The Green Mark Platinum NTFGH is part of Singapore’s first medical campus to combine continuing care from outpatient to post-acute care. Based on passive principles, the performance-based design supports resource efficiency, health, and well-being. Seventy percent of the facility is naturally ventilated, representing 82% of inpatient beds. Unlike its Singaporean peers, NTFGH provides every patient with an adjacent operable window, offering daylight and views. An oasis in a dense city, NTFGH incorporates parks, green roofs and vertical plantings throughout the campus. The building uses 38% less energy than a typical Singaporean hospital and 69% less than a typical U.S. hospital.

 

NOAA Daniel K. Inouye Regional Center; Honolulu

HOK with Ferraro Choi & WSP

Photo courtesy Alan Karchmer Photography.

Located on a national historic landmark site on Oahu’s Ford Island, the National Oceanic and Atmospheric Administration’s Inouye Regional Center features the adaptive reuse of two World War II-era airplane hangars linked by a new steel and glass building.

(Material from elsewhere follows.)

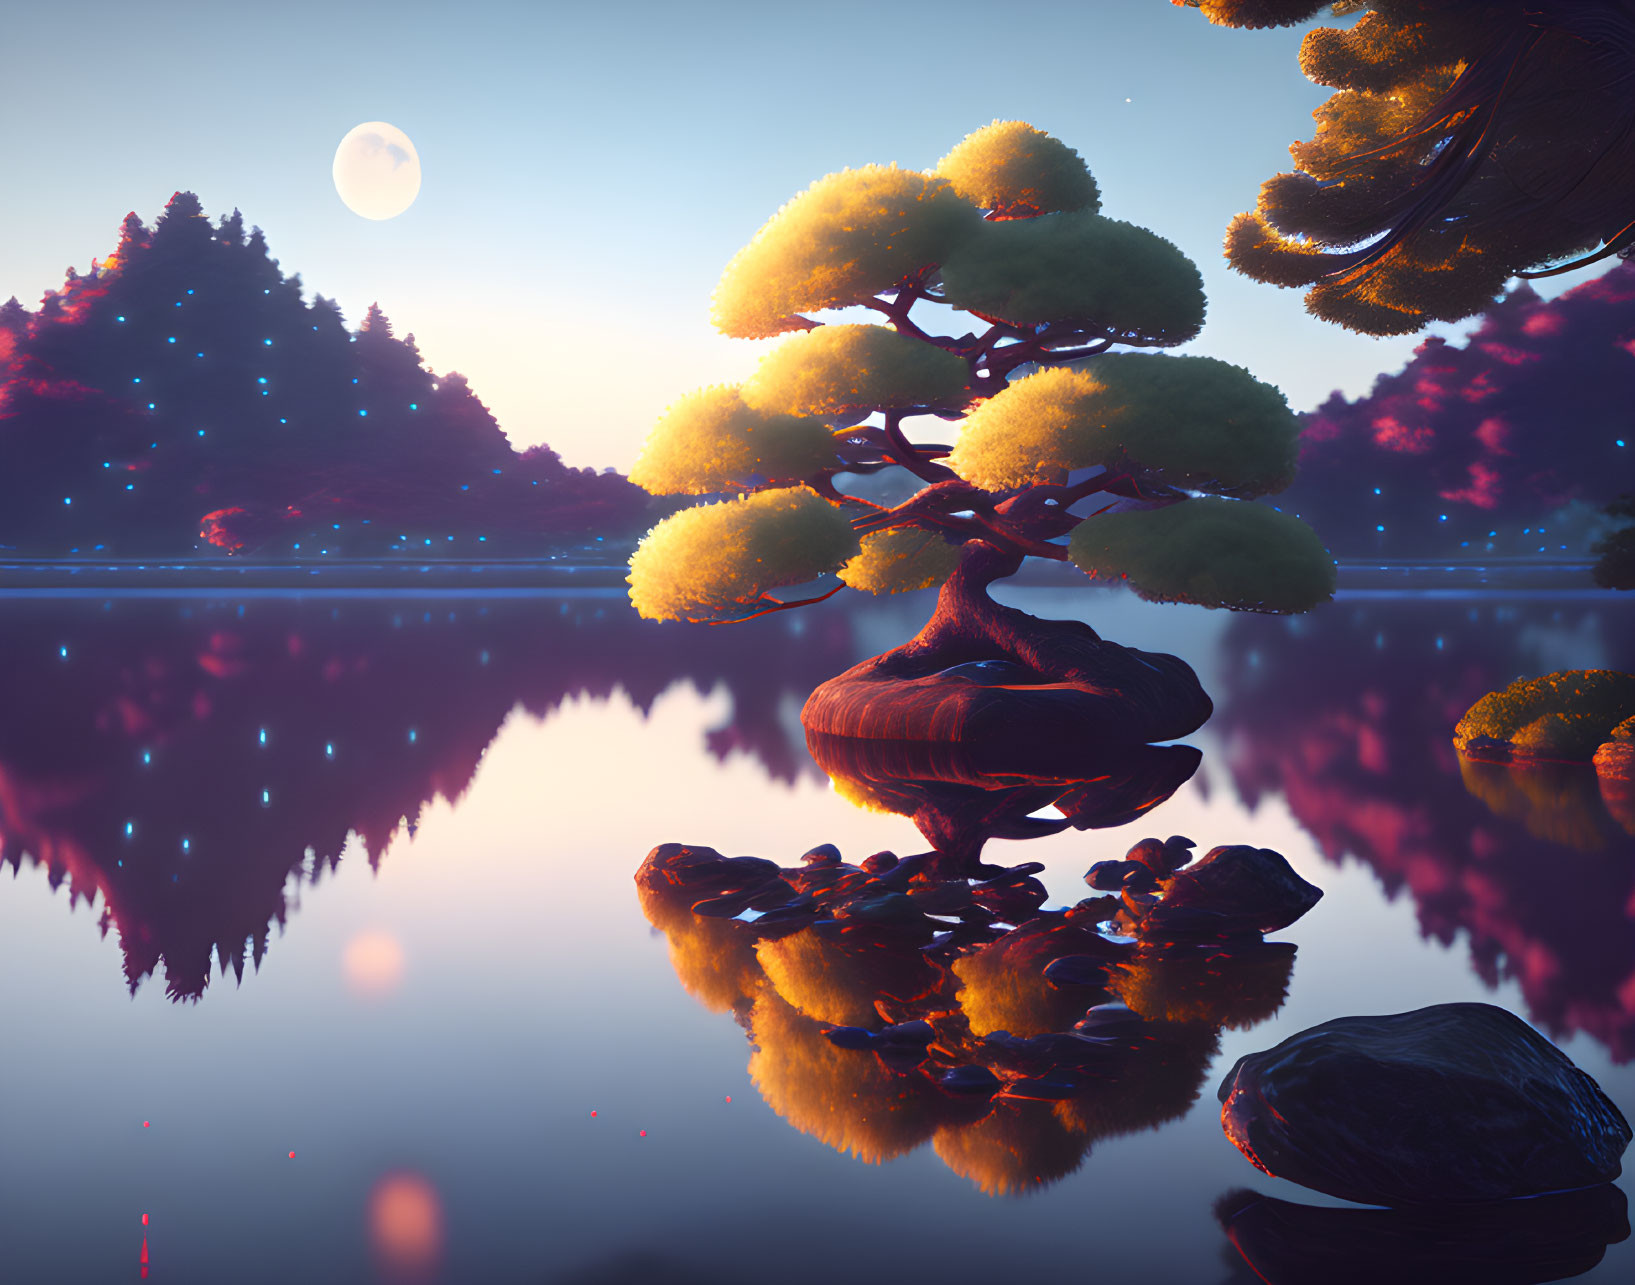 Tranquil landscape with Bonsai tree on lake, moonlit twilight sky

The hangars inspired beautifully simple design solutions for how the center uses air, water and light. The LEED Gold complex accommodates 800 people in a research and office facility that integrates NOAA’s mission of “science, service and stewardship” with Hawaii’s cultural traditions and ecology. The interior environment, which is based on principles of campus design, creates a central gathering place.

 

R.W. Kern Center; Amherst, Mass.

Bruner/Cott & Associates

Photo courtesy Robert Benson Photography.

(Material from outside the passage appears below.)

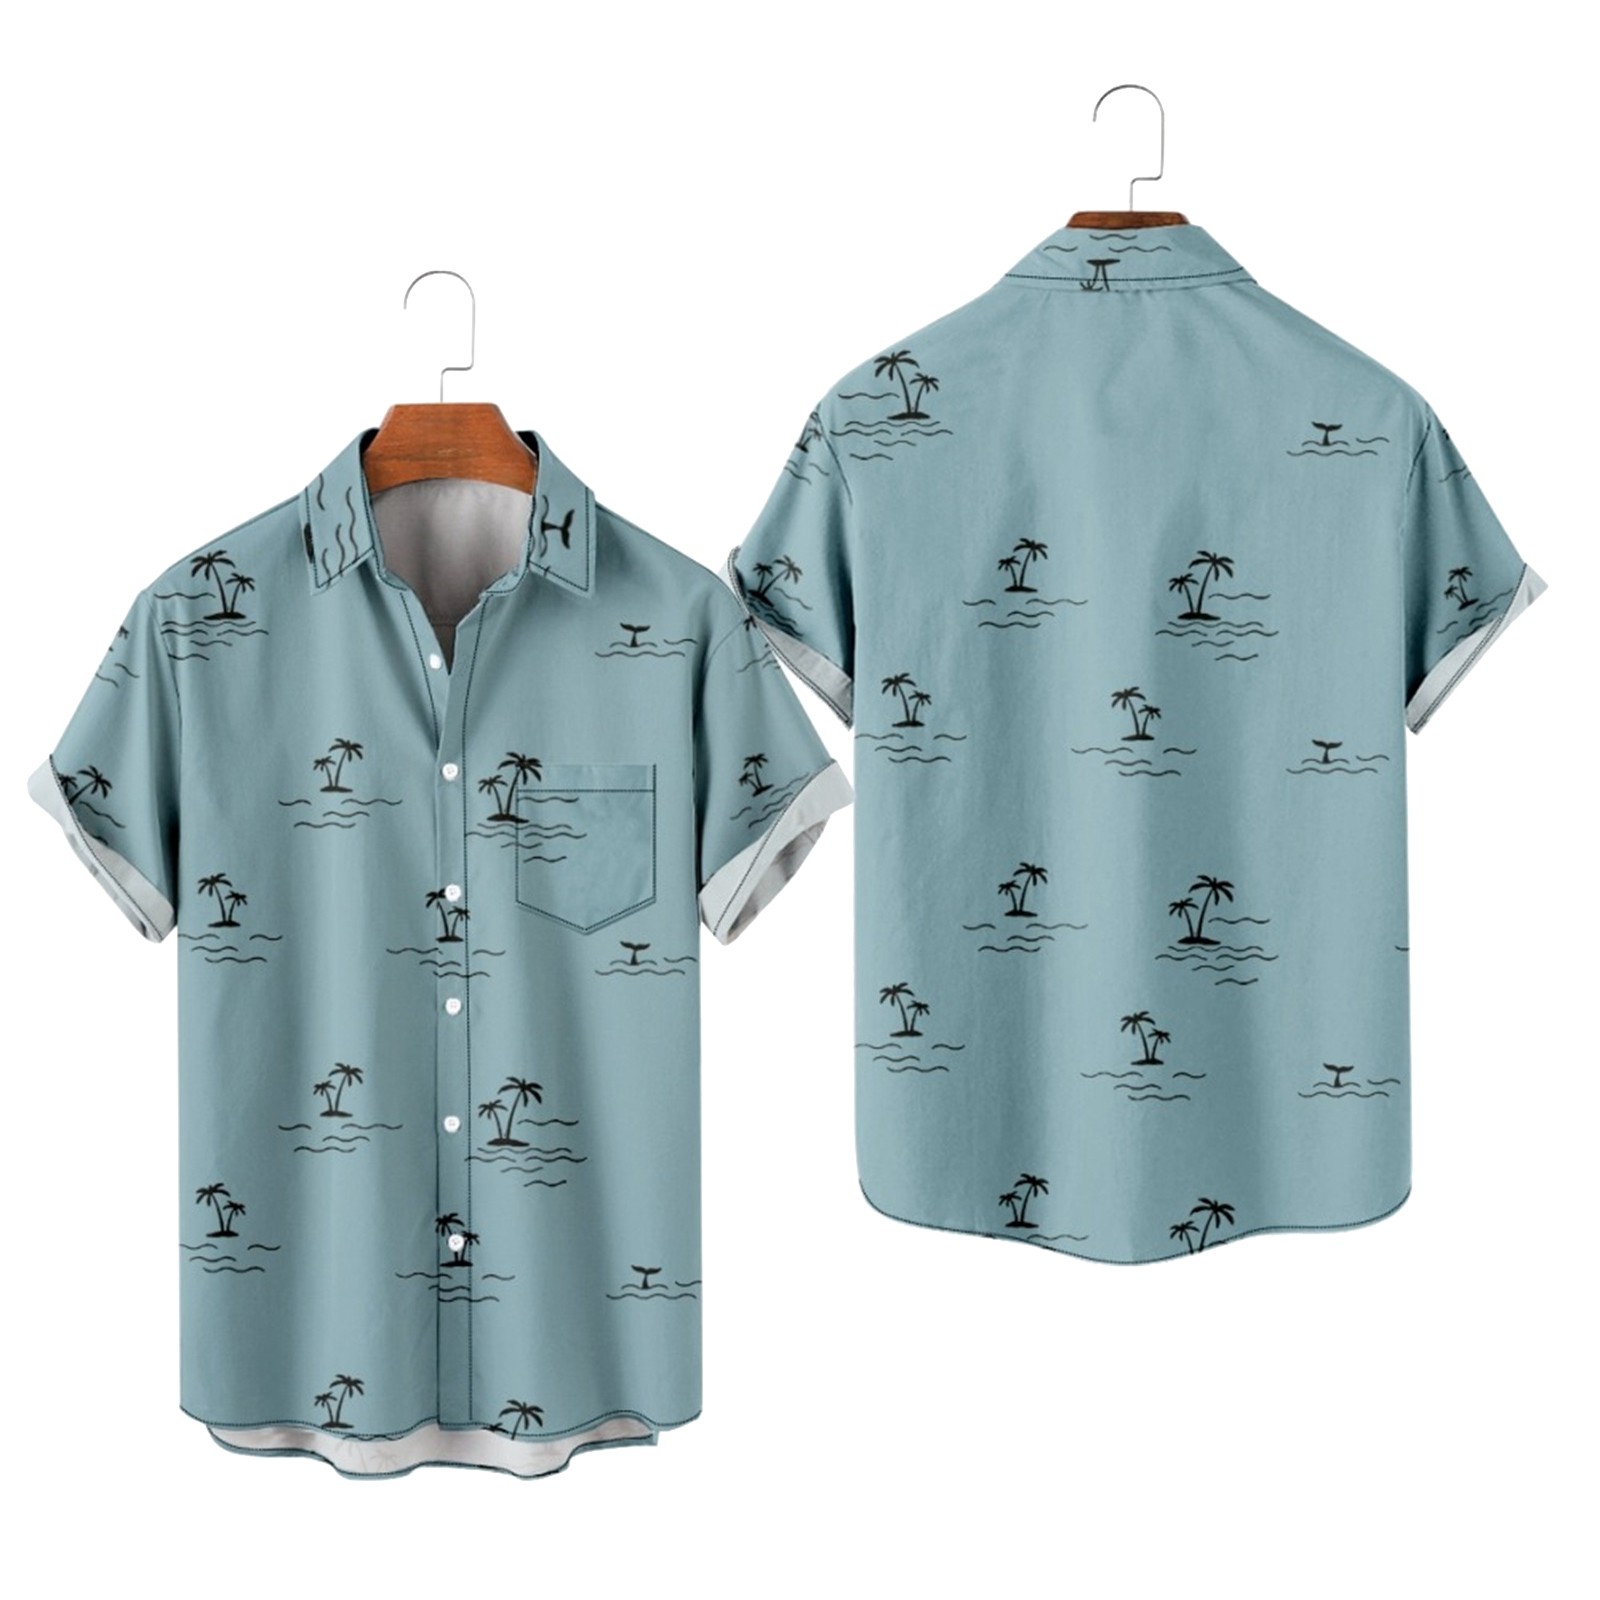 Hawaiian Shirt For Men,Mens Funny Hawaiian Shirts 3D Graphic Button Short Sleeve Tropical Holiday Beach Aloha Shirt American Flag Shirts Light Bluejpeg

Hampshire College’s R.W. Kern Center is a 17,000-square-foot multi-purpose facility designed to meet the Living Building Challenge. As the gateway to campus, Kern includes classrooms, offices, a café, and gallery space. The building is self-sustaining— generating its own energy, capturing its own water, and processing its own waste. The Kern Center is the result of an inclusive and integrated design process and wholehearted commitment to the environmental mission by the whole team. The project demonstrates Hampshire’s dedication to the highest level of sustainability and stewardship, and to the college’s mission of critical inquiry, active leadership and hands-on learning.

 

Stanford University Central Energy Facility; Stanford, Calif.

ZGF Architects LLP

Photo courtesy Robert Canfield.

At the heart of Stanford University’s transformational, campus-wide energy system is a new, technologically advanced central energy facility. The system replaces a 100% fossil-fuel-based cogeneration plant with primarily electrical power—65% of which comes from renewable sources—and a first-of-its-kind heat recovery system, significantly reducing greenhouse gas emissions, and fossil fuel and water use. The facility comprises a net-positive-energy administrative building, a heat recovery chiller plant, a cooling and heating plant, a service yard, and a new campus-wide main electrical substation. Designed to sensitively integrate into the surrounding campus, the architectural expression is one of lightness, transparency and sustainability to express the facility’s purpose.